I do not have a car so I would not be able to move to a place where a car is needed for daily activities.

I thought maybe somewhere in or around Palma would be best, but for me the most important thing would be that the public schools in the area we move to have a good reputation. 


Any advice anyone? 

Thanks a lot!


----------



## Stravinsky (Aug 12, 2007)

Sorry I cant help with areas tonia. From what i hear most places are going to be cheaper rental compared to Barcelona

Do you need to work, and if so what trade?



tonia99 said:


> Hello,
> 
> I am thinking of moving to Mallorca, anyone here that has moved to Mallorca with children?
> 
> ...


----------



## tonia99 (Dec 23, 2008)

Stravinsky said:


> Sorry I cant help with areas tonia. From what i hear most places are going to be cheaper rental compared to Barcelona
> 
> Do you need to work, and if so what trade?


Hi! That's ok that you cant help with areas, thank you anyway for your answer  

Does anyone else have any suggestions? 

I work from home, so the only requirement would be that the area has good schools around. 
My son already speaks a little Catalan, so I want him to continue in a public school. 
I just know from here in Barcelona that there is a difference on the quality of the public schools depending on the neighborhood you live in, so I thought it might be the same in Mallorca.. (?)

I also would not mind a smaller town but I would not want to be more than 20-30 minutes by bus/train from Palma or any other big city..


----------



## SteveHall (Oct 17, 2008)

I am sure the quality of state schooling depends on area the whole world over so you are correct to ask for local knowledge. If you want to PM me I can put you in touch with an English friend who lives outside Palma with his Spanish wife. They run a hotel so I am sure they are close to most of what goes on.

Learning Spanish and Catalán will be fun!


----------



## Raffer (May 30, 2008)

SteveHall said:


> I am sure the quality of state schooling depends on area the whole world over so you are correct to ask for local knowledge. If you want to PM me I can put you in touch with an English friend who lives outside Palma with his Spanish wife. They run a hotel so I am sure they are close to most of what goes on.
> 
> Learning Spanish and Catalán will be fun!
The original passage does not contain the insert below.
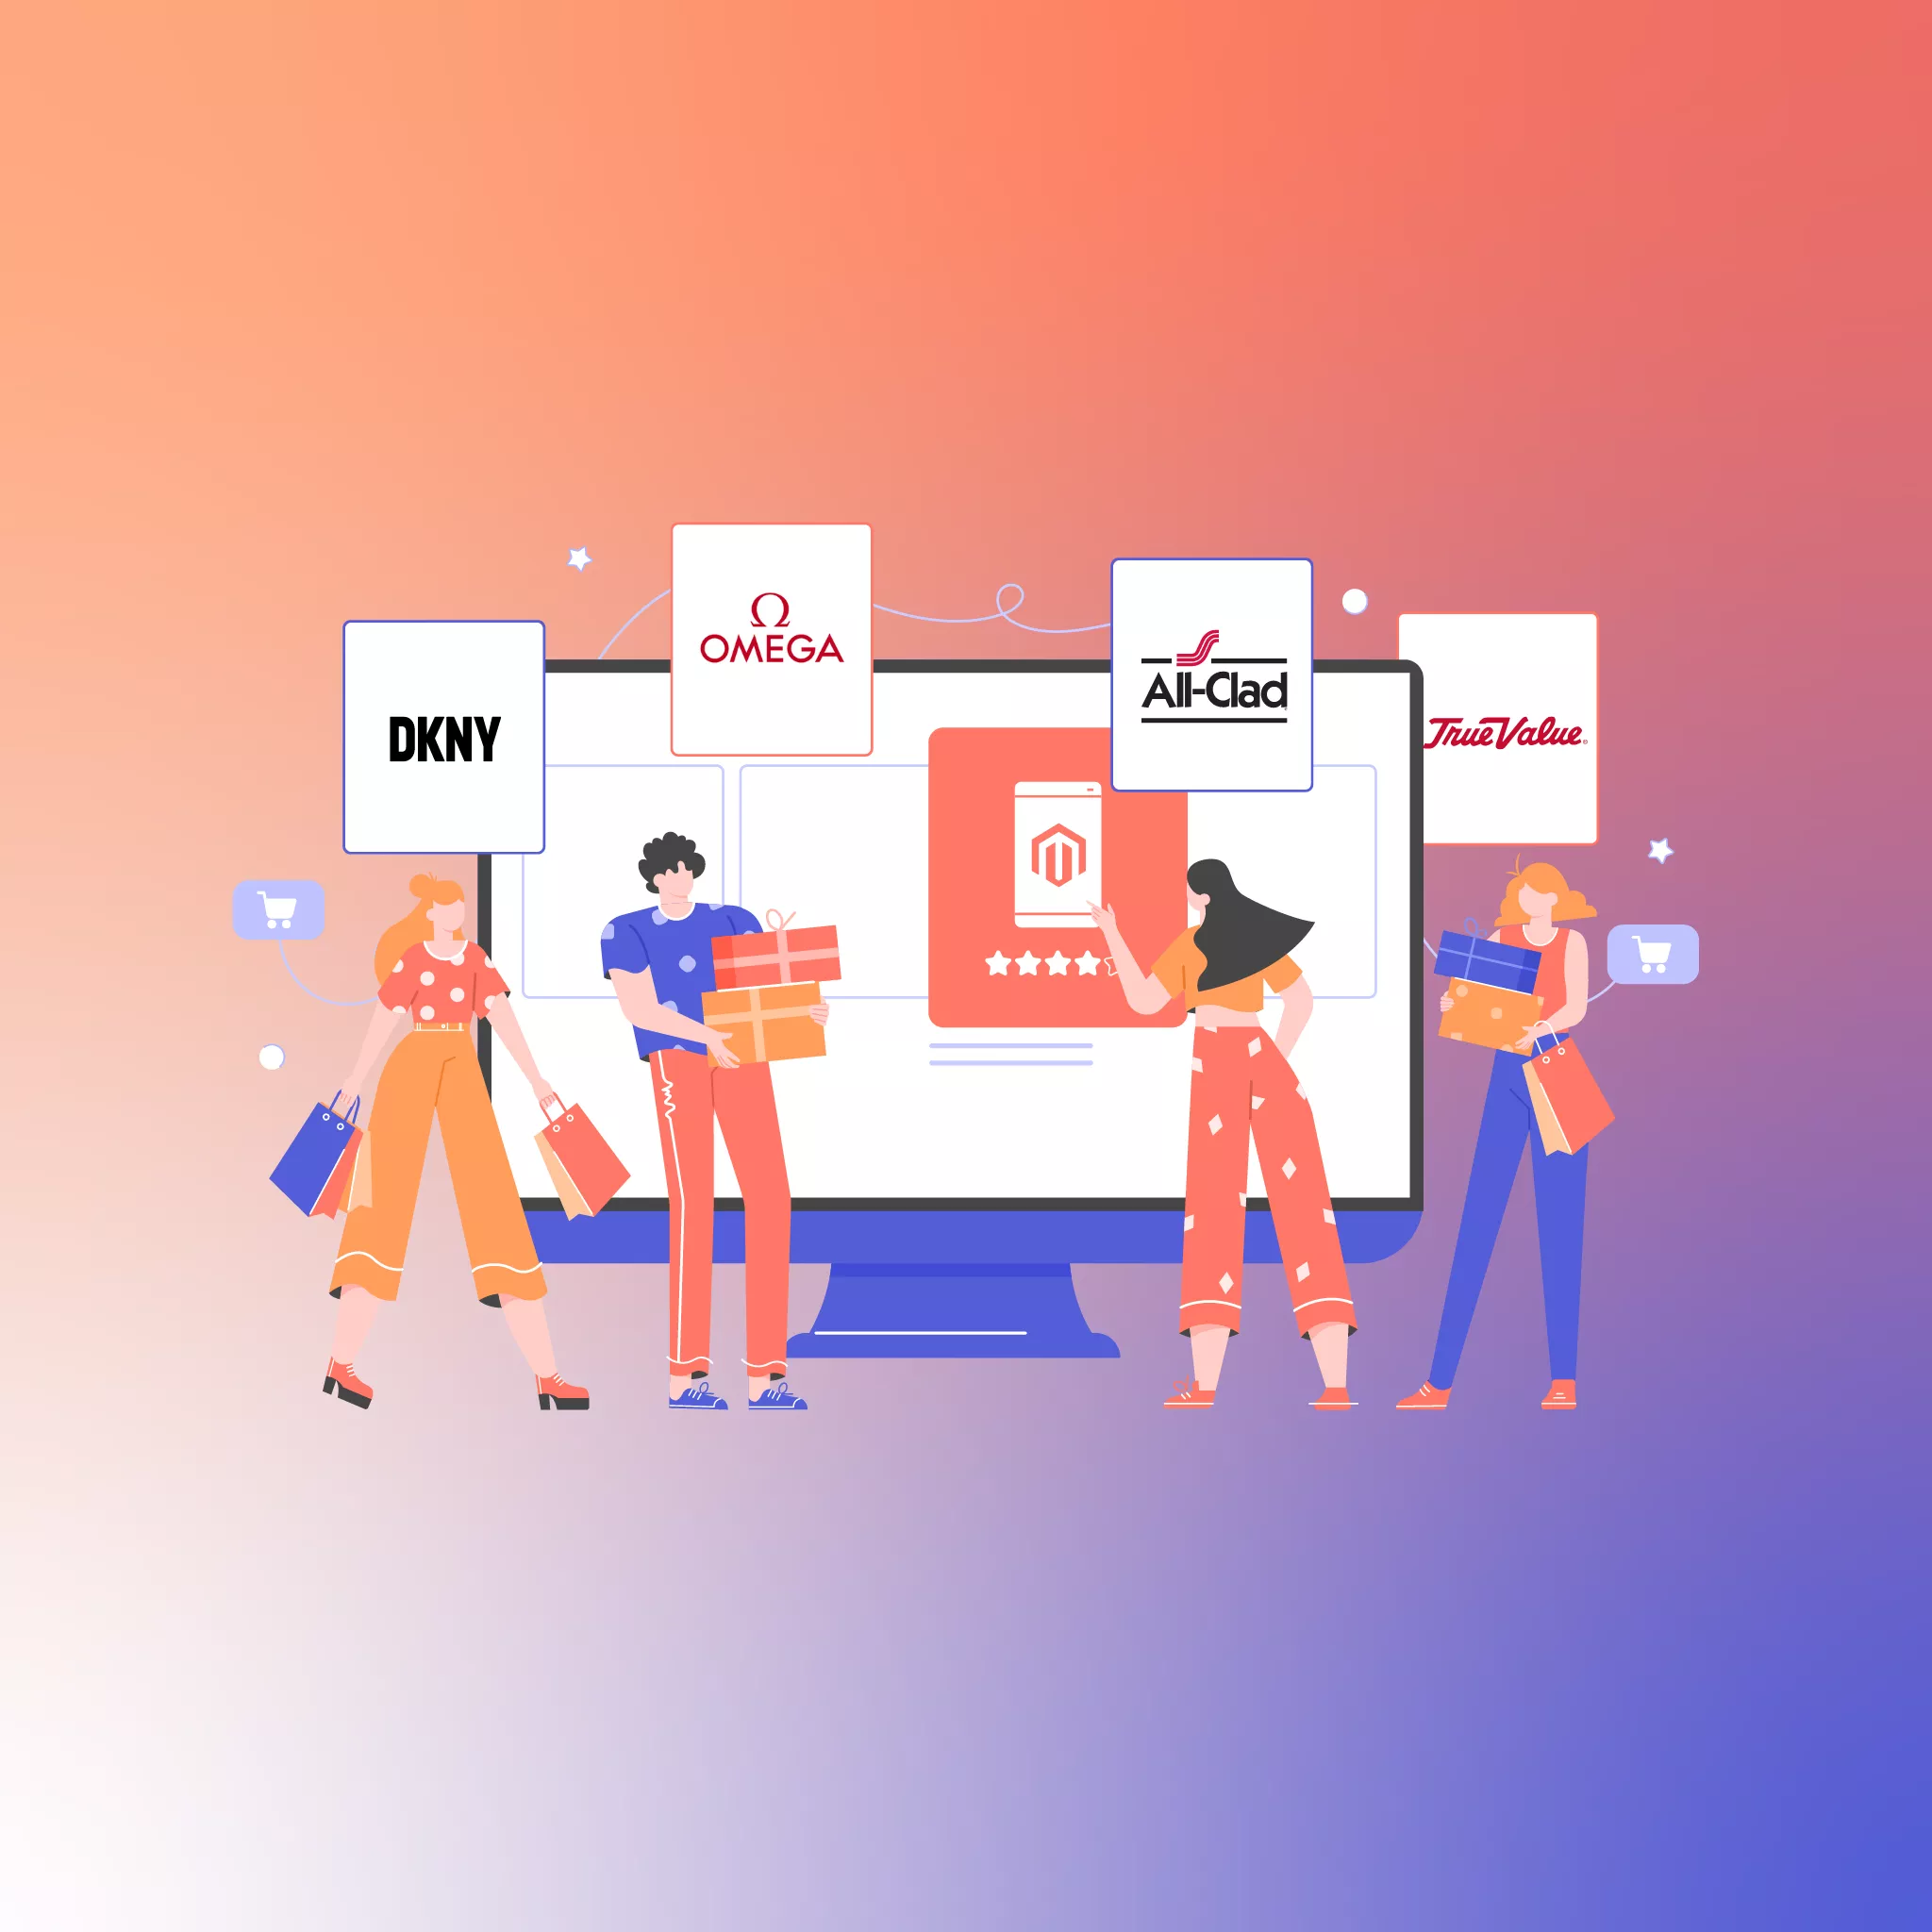 "Featured image illustrating shoppers engaging with various Magento-powered brand websites, highlighted by prominent logos of top brands using the Magento e-commerce platform for the 'Top 75+ Brands Using Magento' article.

in my experience of living in mallorca Andraxt is a nice area to live in but is near to calvia and all the tourist parts so rent may be slightly higher here although i knjow in calvia there a few good schools i would have a look aroun Marraxti or Inca just inland from palma with good bus links to and from the city every 12 mins i think


----------



## addynna (Apr 5, 2010)

Hi Tonia, I thought of contacting you because I'm in a similar situation: I plan to move to Palma de Mallorca, I have a son who will start the school in September and I work from home. Have you moved to Mallorca? I'd like to know your experiences with the schools there, if your son had problems learning Spanish and Catalan. Not sure about the posting system here, maybe I should use some kind of a private messaging? Thank you, Adina.


----------



## Kaineo (Jul 19, 2013)

Hello,
I hope I am not too late in posting this. My partner and I are also thinking about moving to Mallorca with our two children 1 and 5 years. I would also like to know if anybody has any information about the public schools??
Our 1yr old son has a severe hearing loss which I am a bit worried about as he is getting very good care here in England. Is there anybody that has any information to help? Thank you!


----------



## rotaels (Mar 4, 2011)

The Bendinat and Portals areas are very nice, not seasonal and close to Palma, however its a bit pricy around there but with the market as it is at the moment there are good deals around. There is also a good junior and senior school (state) in Bendinat but not sure about its facility for special needs but would be worth investigating.


----------



## 111KAB (Aug 3, 2012)

The only really big city is Palma and 'all roads lead there' and your 30 minute bus/train journey is achievable from a lot of places with Inca being favourite as it is on the train route. Having said both Inca and Manacor are very Spanish and few Brits live in either town. It really depends if you want a place by the sea (which is likely to be quiet in the winter other than say Magaluf which I assume is not on your list!) or if you want to be inland. Goes without saying really but you have to come over and take a look. Start off in Palma (good 'all year round' city) and work from there - cannot help with schools I'm afraid but there are plenty of local websites aimed at the Brits who live here and help is readily available.


----------